Mais le développement durable ne se limite pas à la question de l’environnement. Parler d’urbanisation de la Corse signifie aussi se poser la question de l’accès au logement pour tous, alors que nous savons les difficultés de cet accès à l’habitat du fait de l’augmentation des prix pour les populations locales dans les régions touristiques et, tout particulièrement, insulaires. Le PADDUC devra être accompagné d’une véritable stratégie pour le logement, d’un plan de développement urbain des grandes villes corses, notamment en matière de logements sociaux.
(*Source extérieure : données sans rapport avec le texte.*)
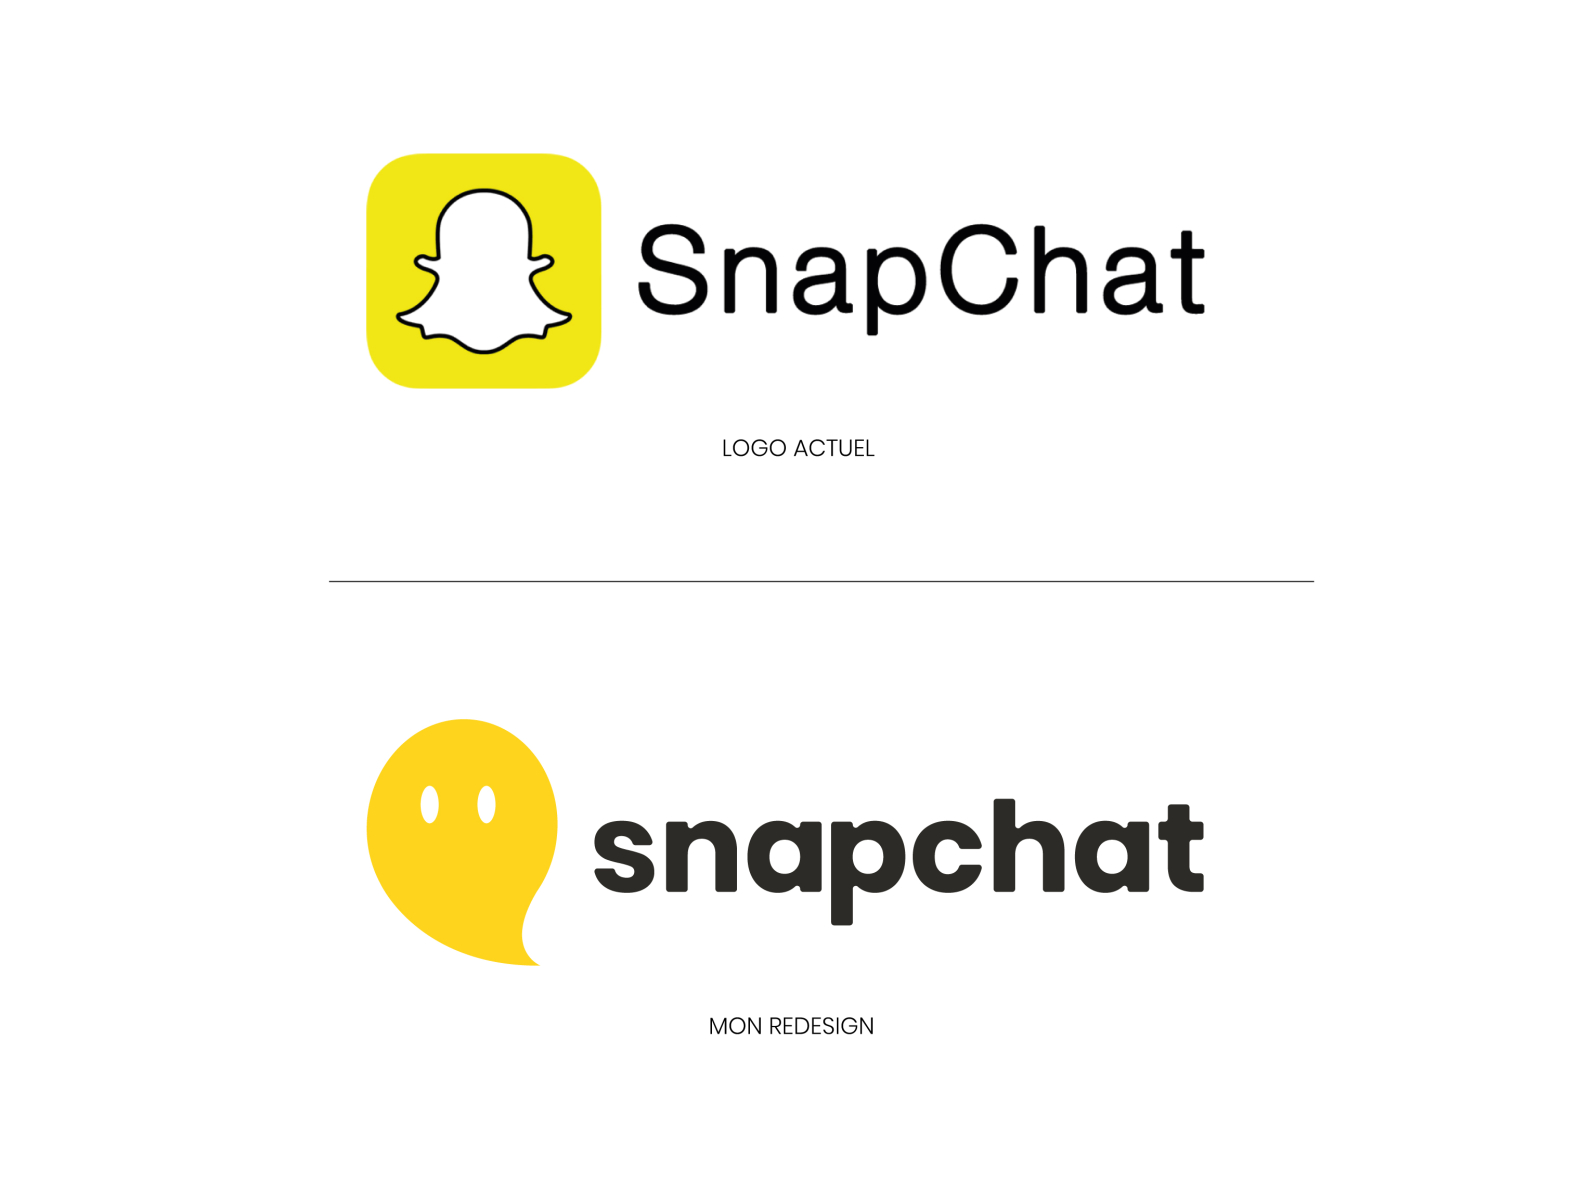 Logo redesign snapchat by royer on Dribbble

En ce sens, le PADDUC devra être enrichi des conclusions des Assises du Foncier et du Logement menées en Corse durant plusieurs mois avec l’ambition affichée de constituer une démarche déterminante pour le développement durable de l’île et « un préalable à l’élaboration du futur PADDUC ».
Présentées à l’Assemblée de Corse, les conclusions de ces neuf mois de débat, qui ont mobilisé plus de 500 personnes, insistent justement sur les outils dont aura besoin demain la Corse, en lien avec son PADDUC : un établissement public foncier, un établissement public d’aménagement et de construction de logements sociaux, une agence d’urbanisme… Les perspectives sont nombreuses et soulignent que le PADDUC s’inscrit dans une véritable logique de mobilisation de la société corse. Pour reprendre les propos de Maria Guidicelli, conseillère territoriale en charge du foncier et du logement, « Pour la première fois, [je cite], la Corse se dotera d’une politique du foncier et du logement. Ce sera la colonne vertébrale de notre PADDUC. Nous avons, [je cite toujours la conseillère territoriale] la responsabilité de lancer un processus de régulation sociale et de lutte contre la spéculation. Rien n’est pire que le statu quo. Nous sommes face à l’absolue nécessité de répondre à une urgence sociale ». Fin de citation.
Cet enjeu social de l’habitat ne doit donc pas être oublié quand on évoque le PADDUC, qui ne se limite pas aux enjeux touristiques et de protection des paysages, et nous soutenons l’amendement de Thierry Repentin qui propose que les organismes HLM puissent aussi être entendus, à leur demande, lors de l’élaboration du Plan.
La Corse ne peut pas être aménagée sans consensus entre les Corses eux-mêmes. Dotée d’une Assemblée territoriale aux pouvoirs élargis, la société corse peut dorénavant s’appuyer sur un lieu de débat politique qui l’éloigne des pratiques clientélistes et des dérives violentes. Le consensus qu’elle a réussi à trouver sur la définition de la méthode d’élaboration de ce second PADDUC montre ici une maturité politique qui rompt avec les images d’Epinal. Comme le disait le président de l’Assemblée de Corse, Dominique Bucchini, il y a quelques jours, ce projet « est une véritable rupture par rapport à ce qui avait été fait auparavant. [Ce premier PADDUC] avait été élaboré sans concertation, il va falloir aller plus loin et poser les bases d’une nouvelle politique territoriale ». Notre responsabilité est donc d’accompagner ce processus par un signal tout aussi fort, par un vote de confiance et de soutien sans ambigüités. Les écologistes voteront donc ce texte.